= EXERCISE DESCRIPTION =
Find the line with "A&W Products Vinyl" in the records below. Output exactly from there until after the line with "Free Florida Residential", without pictures.

= DATASET EXTRACT =
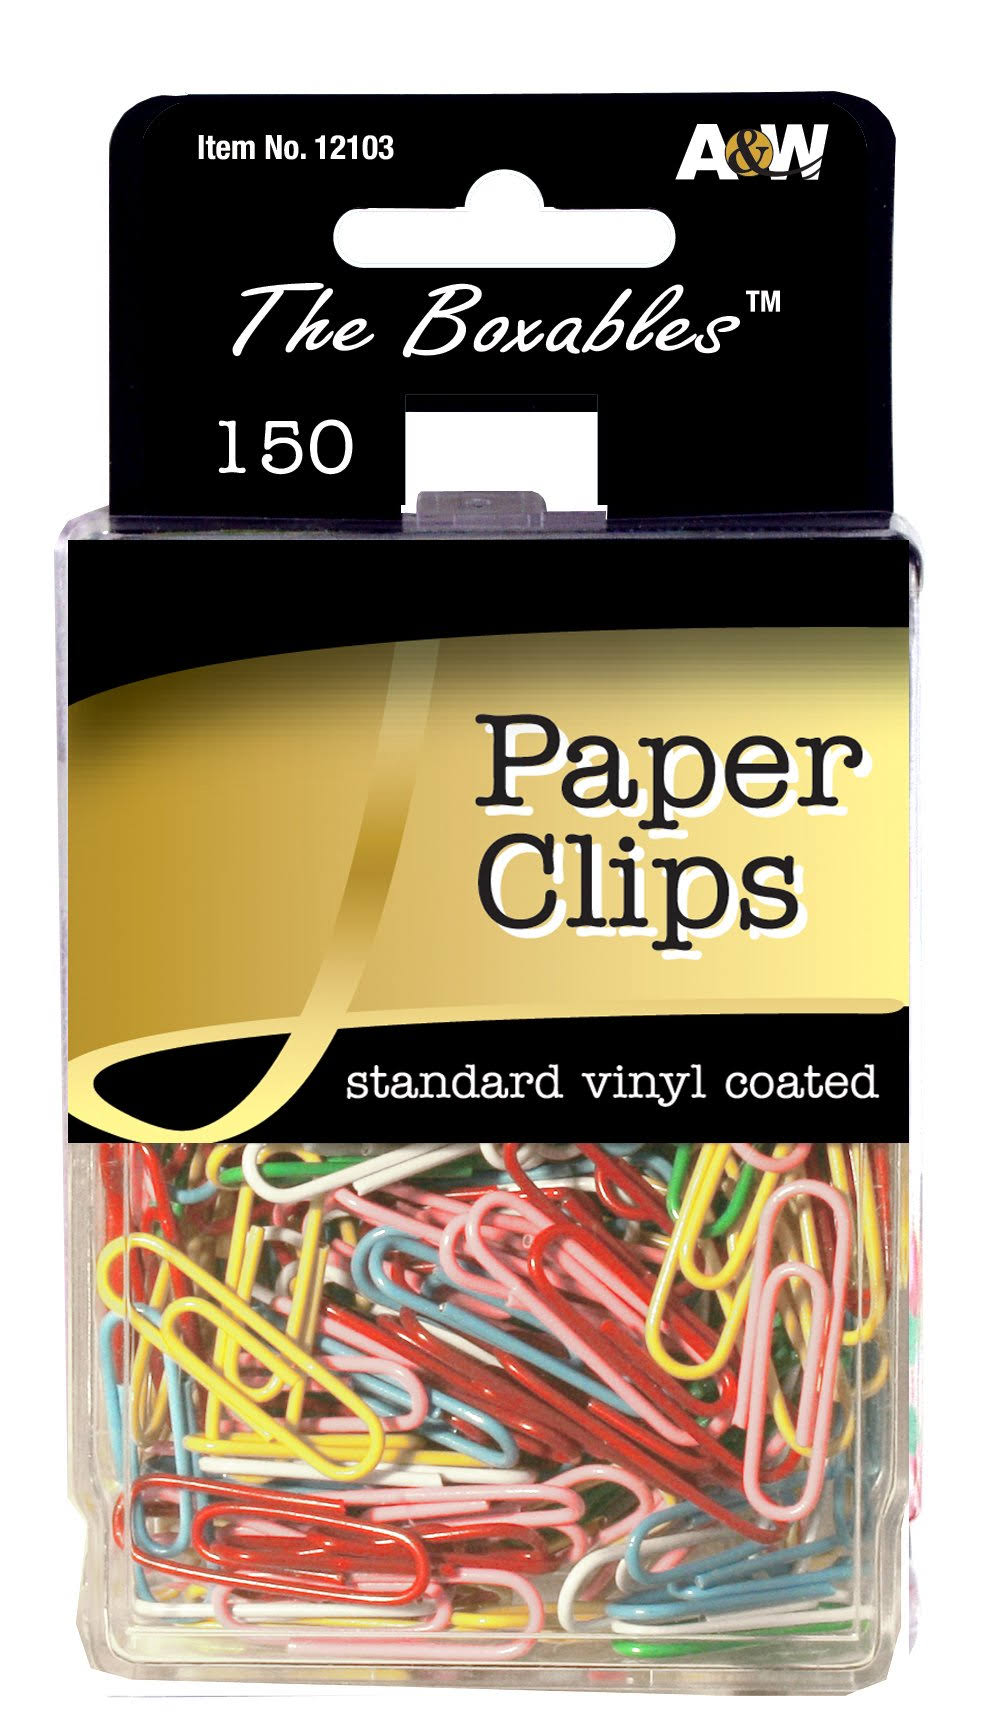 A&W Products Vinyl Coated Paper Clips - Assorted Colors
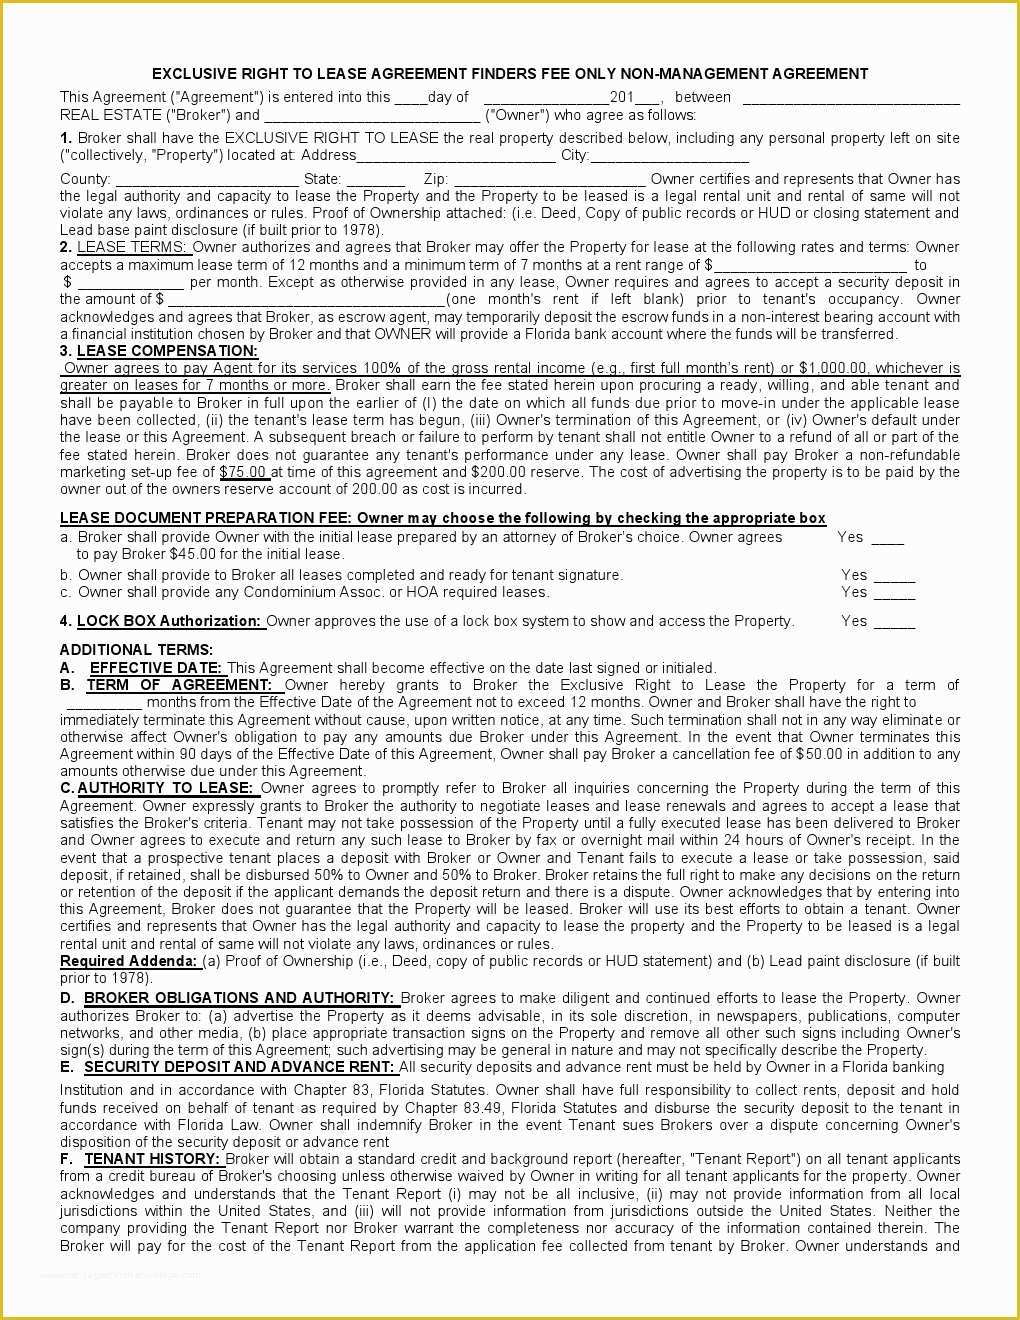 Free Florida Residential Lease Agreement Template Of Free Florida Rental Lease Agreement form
---
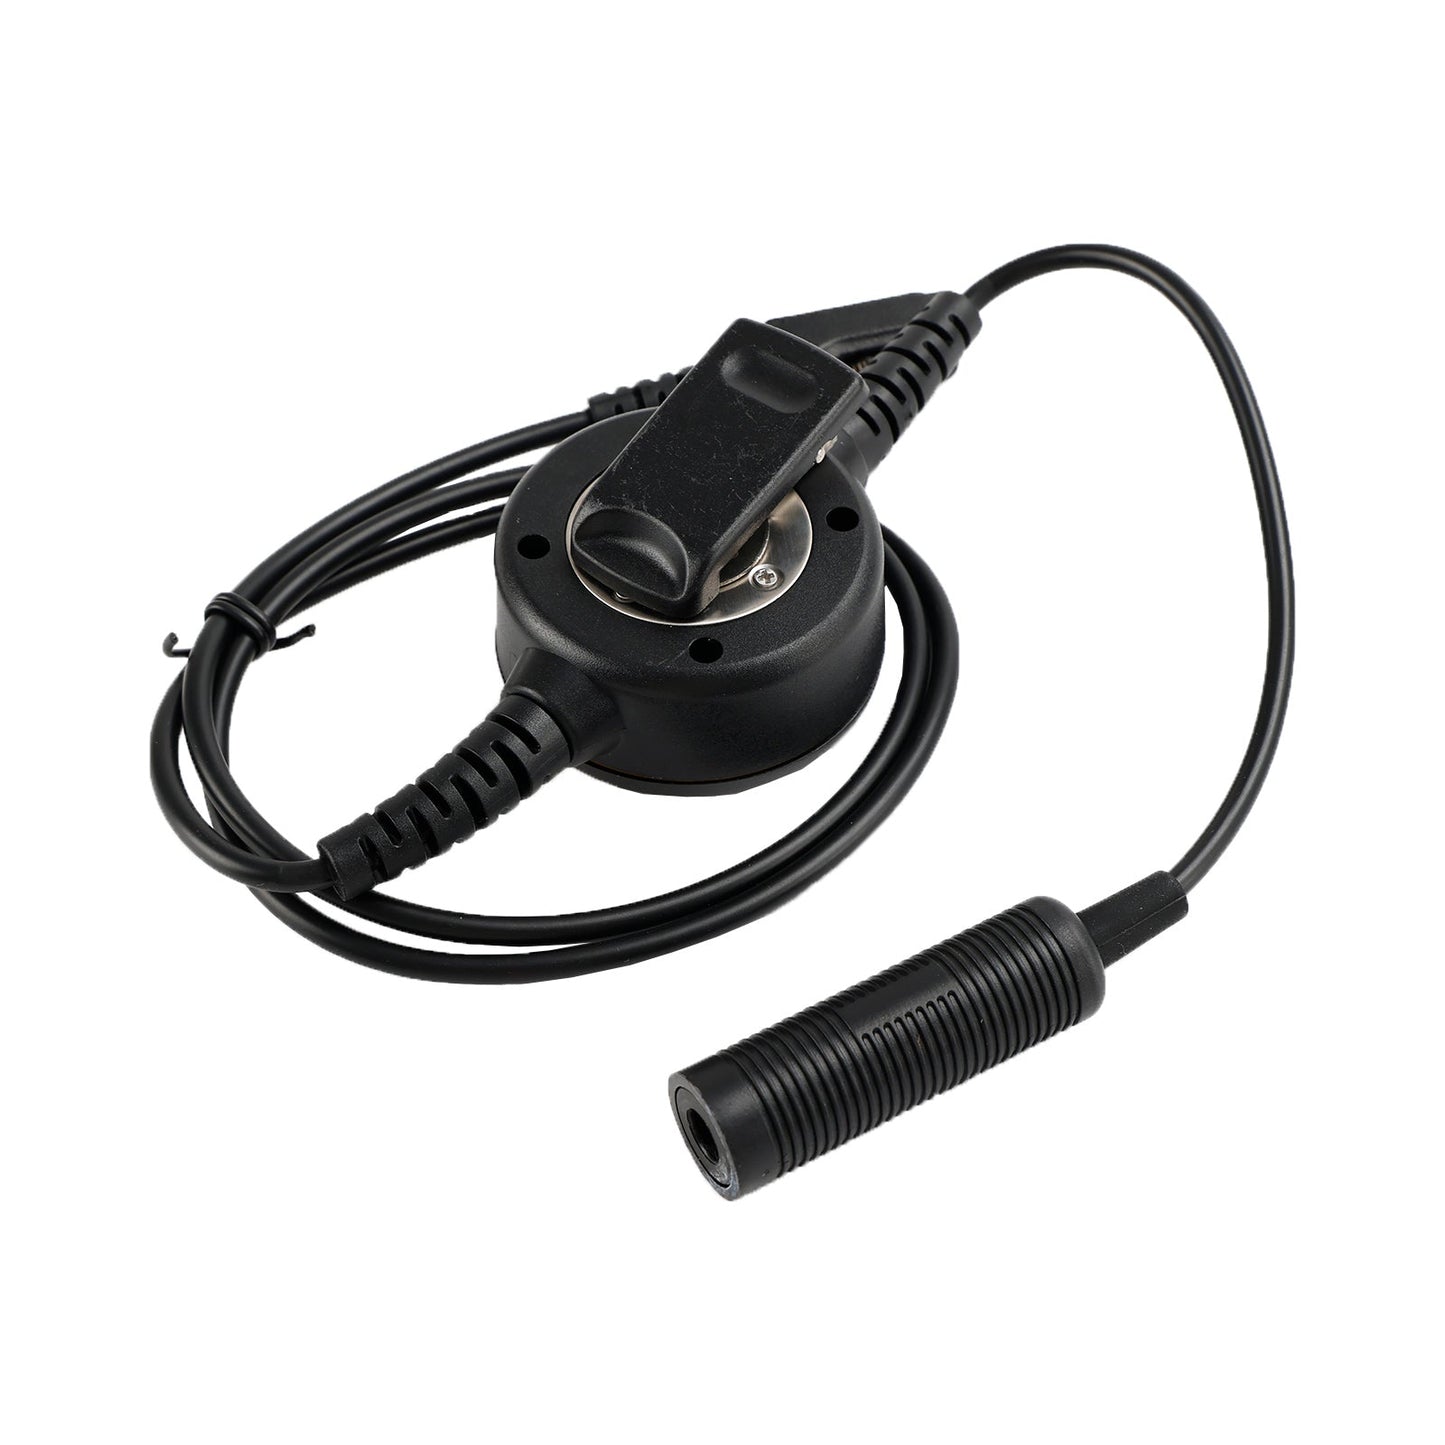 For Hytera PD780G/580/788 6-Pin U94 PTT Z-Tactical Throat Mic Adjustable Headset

= FINISHED TASK =
 A&W Products Vinyl Coated Paper Clips - Assorted Colors
 Free Florida Residential Lease Agreement Template Of Free Florida Rental Lease Agreement form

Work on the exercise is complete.